Page 72 of the Independent Breast Screening Review states that members of the focus groups who were consulted for their views as part of that review felt ‘that screening was an offer many women will feel is worth accepting: the treatment of over-diagnosed cancer may cause suffering and anxiety but that suffering but that suffering is worth the gain from the potential reduction in breast cancer mortality.’ I wonder on what they based those views – and what information they were given.
I wonder if they if realised that having ‘perhaps a 1% chance of having a cancer diagnosed and treated that would never have caused problems had she not been screened’ equated to 4000 UK women pa treated unnecessarily; and now, having perhaps understood this from the press, whether their views have changed.
I wonder if any of them have any idea that their risk of stroke or heart attack is probably much greater than that of breast cancer. I wonder if they have any idea that when the ‘discomfort’ of biopsy is mentioned, ‘pain’ would be more accurate. Do they realise just what suffering is involved in becoming (unnecessarily) a breast cancer patient? Apart from the consequences of the label – for family, for insurance – and treatment side effects – the long term side effects can mean life has changed forever. Take the lifelong risk of lymphoedema for example, a common side-effect of cancer treatments, especially of breast cancer treatments, which can mean the need lifelong self management (daily sessions of special self massage), to have to wear a thick elastic sleeve/support garment, whatever the weather (and on holiday), regular travel to clinics for specialised treatments, constant risk of cellulitis and hospitalisation with every insect bite or scratch… I could go on.
Women have been ‘taught’ to rely on breast screening. They each believe it will save, or has saved, their life because this message, repeated over years, has worked like indoctrination, however untrue.

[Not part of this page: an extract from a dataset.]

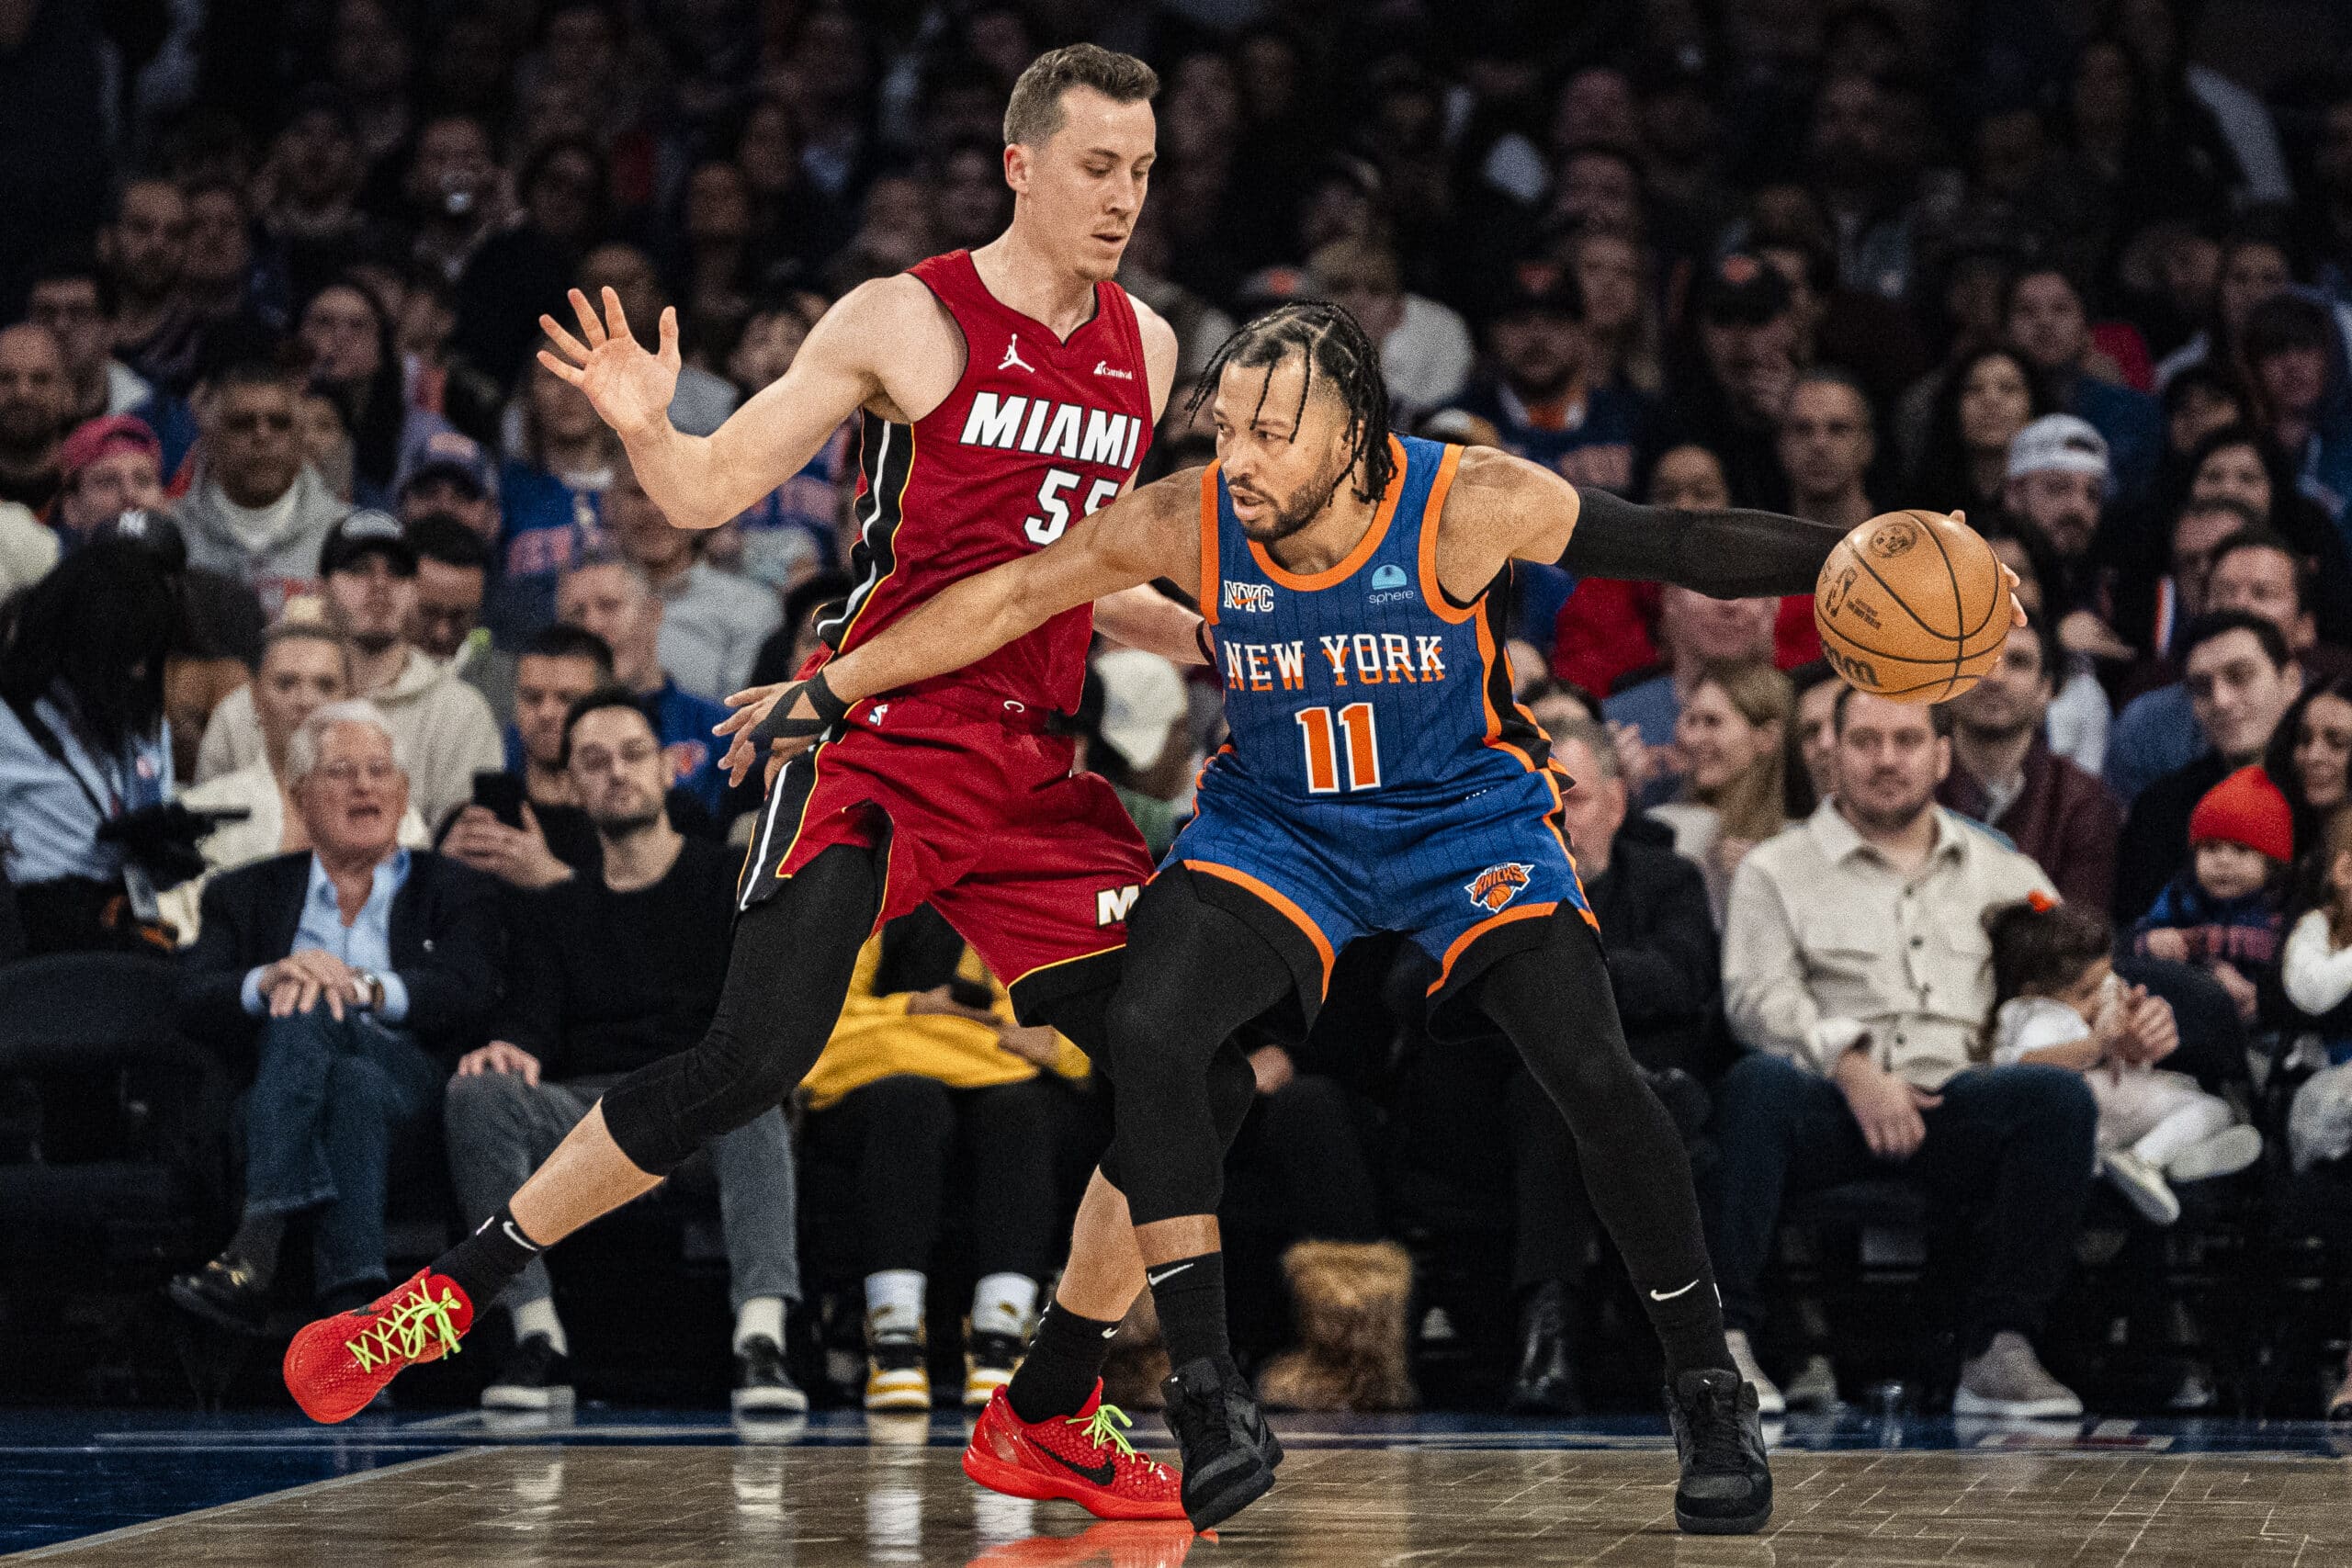 Jalen Brunson scores 34 points to lead the Knicks past the Warriors 119-112

Breast cancer charities have repeated the mantra and pushed for more and more screening on the back of unsubstantiated figures – they would risk losing face if they did an abrupt about-turn.
Even the ‘1300 lives saved’ quoted in the Independent Review will be shown to be incorrect, being based on a mixture of good and poor research – not factoring in all-cause mortality (eg deaths from heart problems due to radiotherapy).
Women are being told the decision on whether or not to be screened is a personal one for them to make, yet the message ‘we still recommend screening’ and ‘screening saves lives’ is still being given by those in authority and breast cancer charities. It is not their place to recommend or otherwise. It is merely their place to offer full and honest information. As they keep telling us: the decision is the woman’s.